The real turning point in Vietnam was the North Vietnamese Tet Offensive in 1968. Although a great deal of space is devoted to this campaign, the exhibit fails to indicate how blindsided and shocked the American public was by the surprise attack. For years, Americans had been assured that Vietnam was a limited conflict, little more than a police action, in which the overwhelming power of American military might made it only a matter of time until the North Vietnamese were defeated and any lingering resistance mopped up. The Tet Offensive gave the lie to this assessment and revealed it to be little more than crude propaganda. As the American public learned they had been systematically lied to regarding North Vietnamese strength of purpose and military ability, the antiwar movement grew dramatically stronger, and the accompanying outrage brought down the Johnson presidency. Although America would eventually claim several months later to have won the battle, this was where the war was finally lost.

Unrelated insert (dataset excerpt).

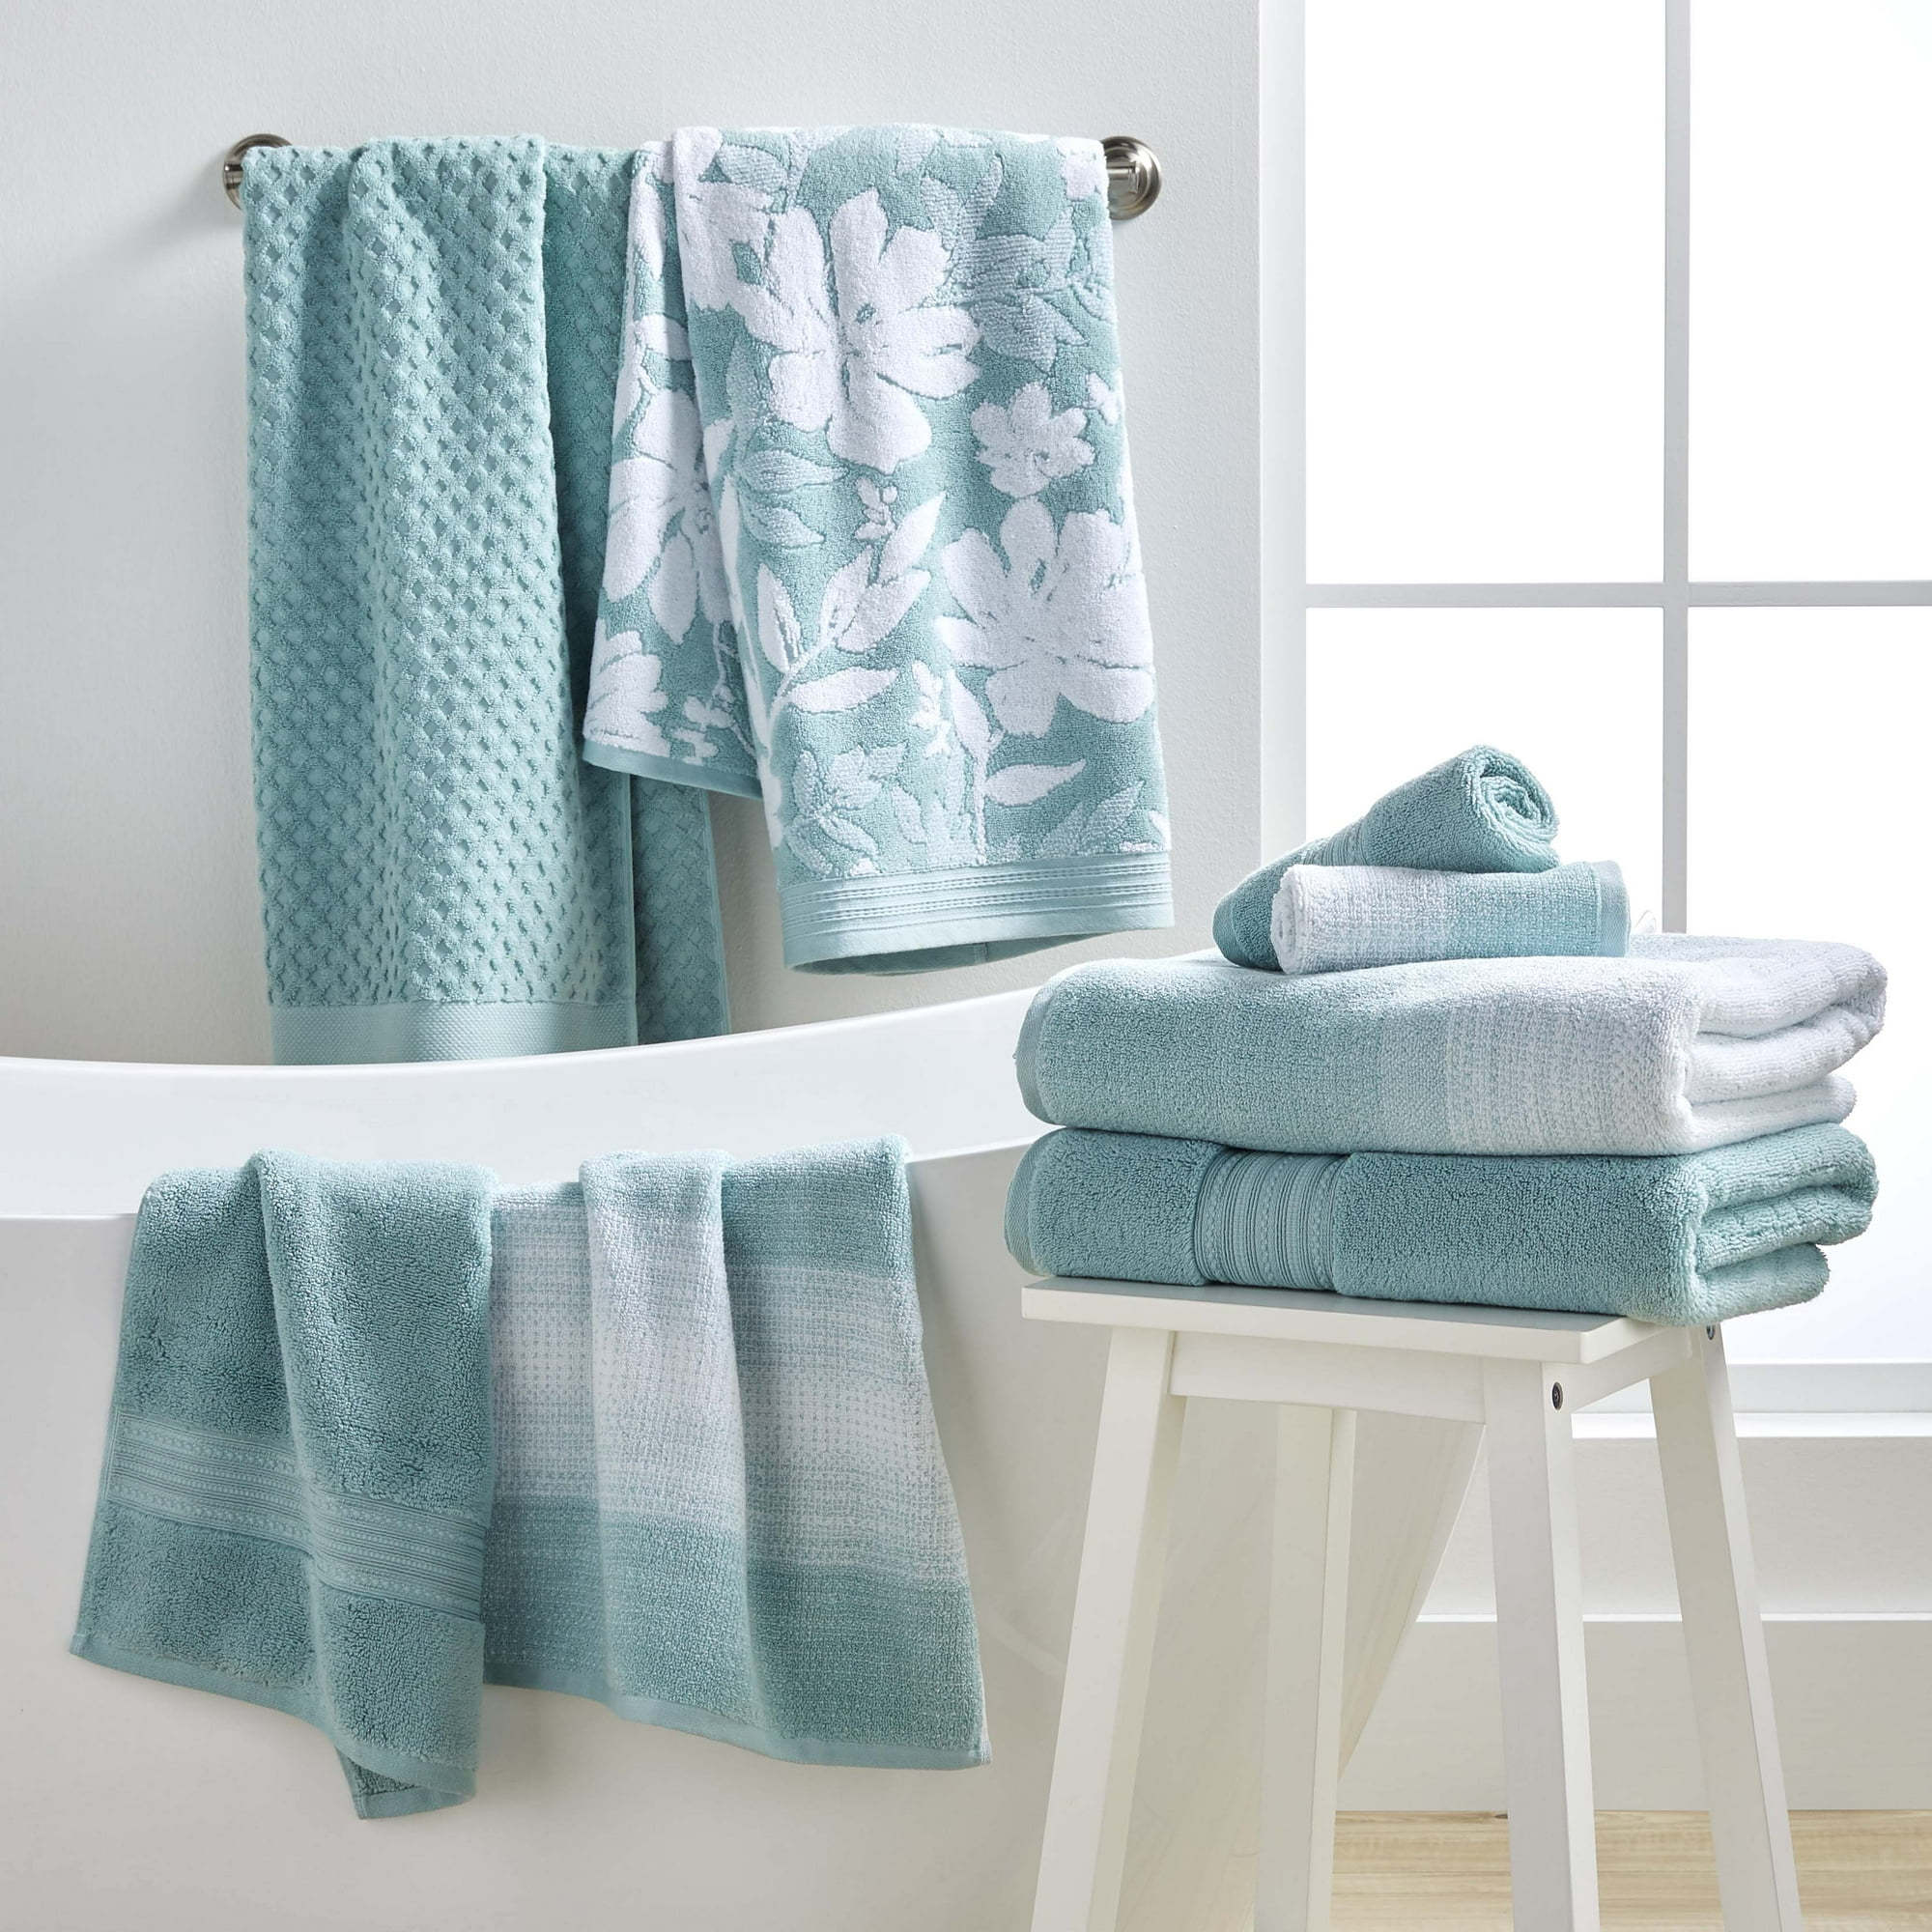 Aquifer towels hanging up by a tub and folded on a white stool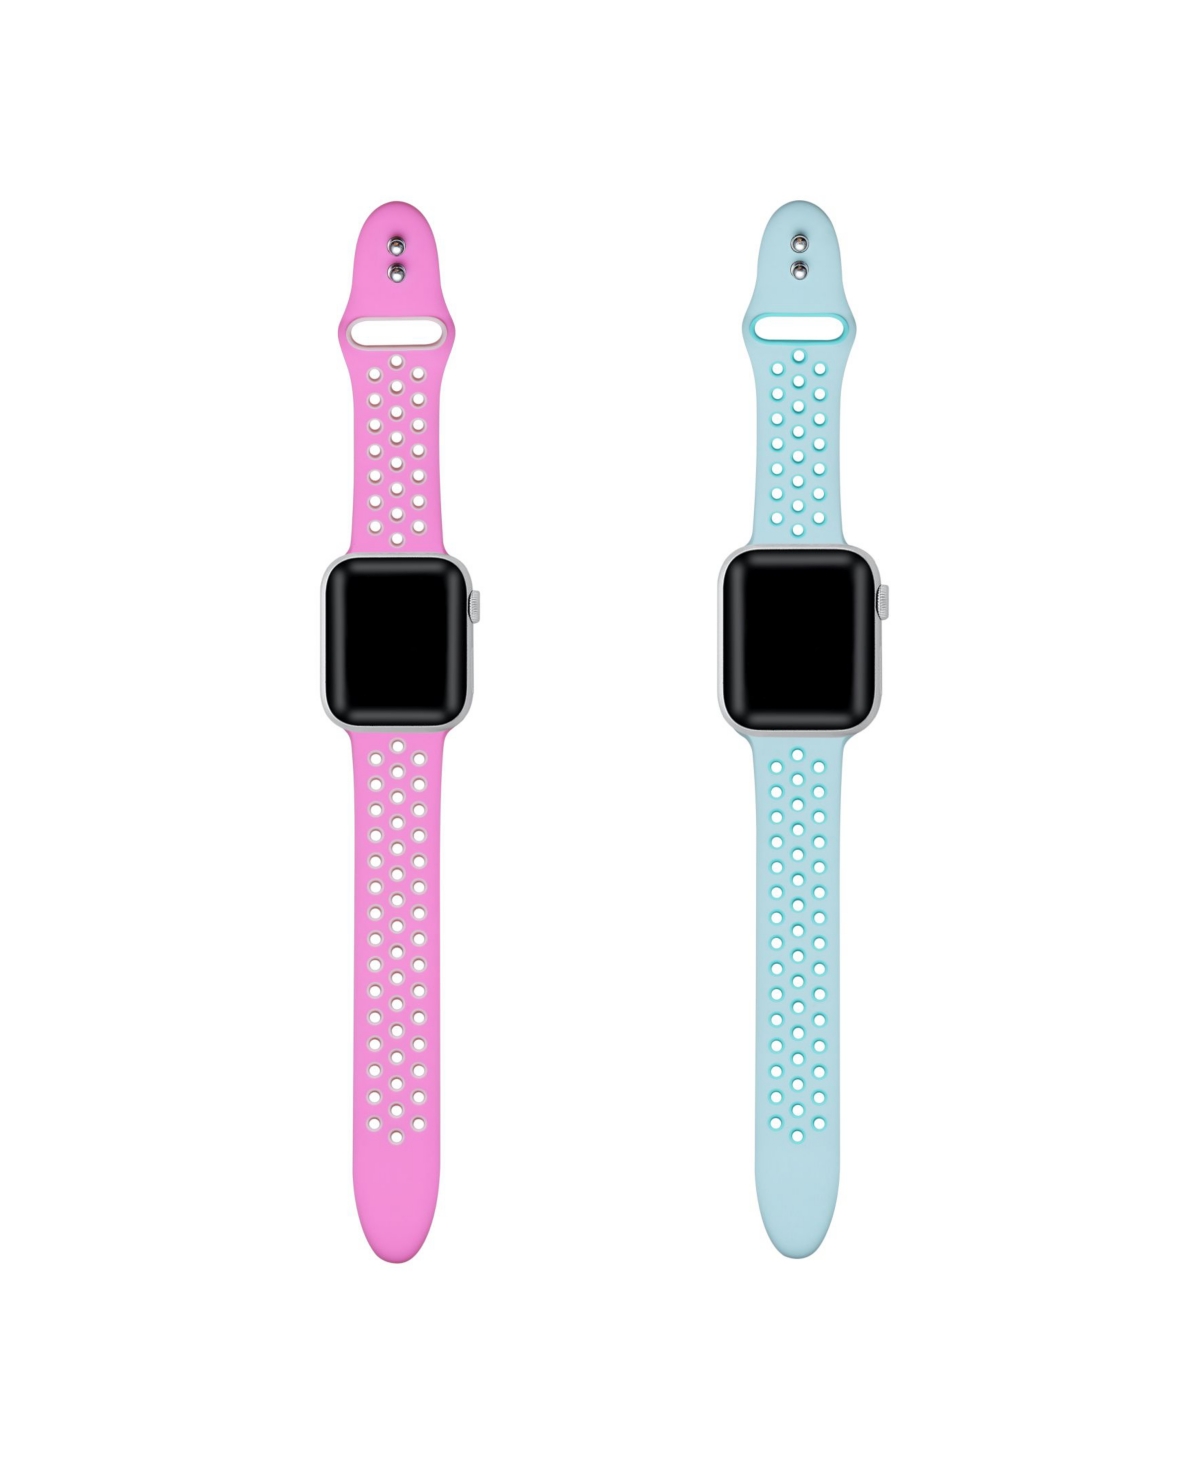 Breathable Sport 2-Pack Mint and Pink Silicone Bands for Apple Watch, 38mm-40mm - Mint, Pink

To its credit, the exhibit does not shy away from examining the split in American public opinion engendered by the war. The growth of the antiwar movement from May 12, 1964 when twelve men burned their draft cards in New York is carefully documented. Posters, buttons and news articles trace the growing anger that led to the first march, organized by SDS, in Washington on April 17, 1964 to the nationwide October 15, 1969 moratorium. Attention is given not only to such major political developments as Daniel Ellsberg's release of the Pentagon Papers in 1971 but also to manifestations in popular culture, such as Marvin Gaye's hit song "What's Going On" from that same year. The backlash against protesters by the establishment and by middle class blue collar workers is also discussed.
In the end, the Vietnam War was a turning point for America. Never again would its citizens implicitly trust the word of any elected official. American ideals, accepted fervently for generations, were shown to be hollow promises based in racial inequality and in intolerance for the beliefs of others. The country has never been the same again. In a very real sense, the Vietnam War marked the end of America's greatness and the beginning of its decline.
The exhibit continues through April 22, 2018.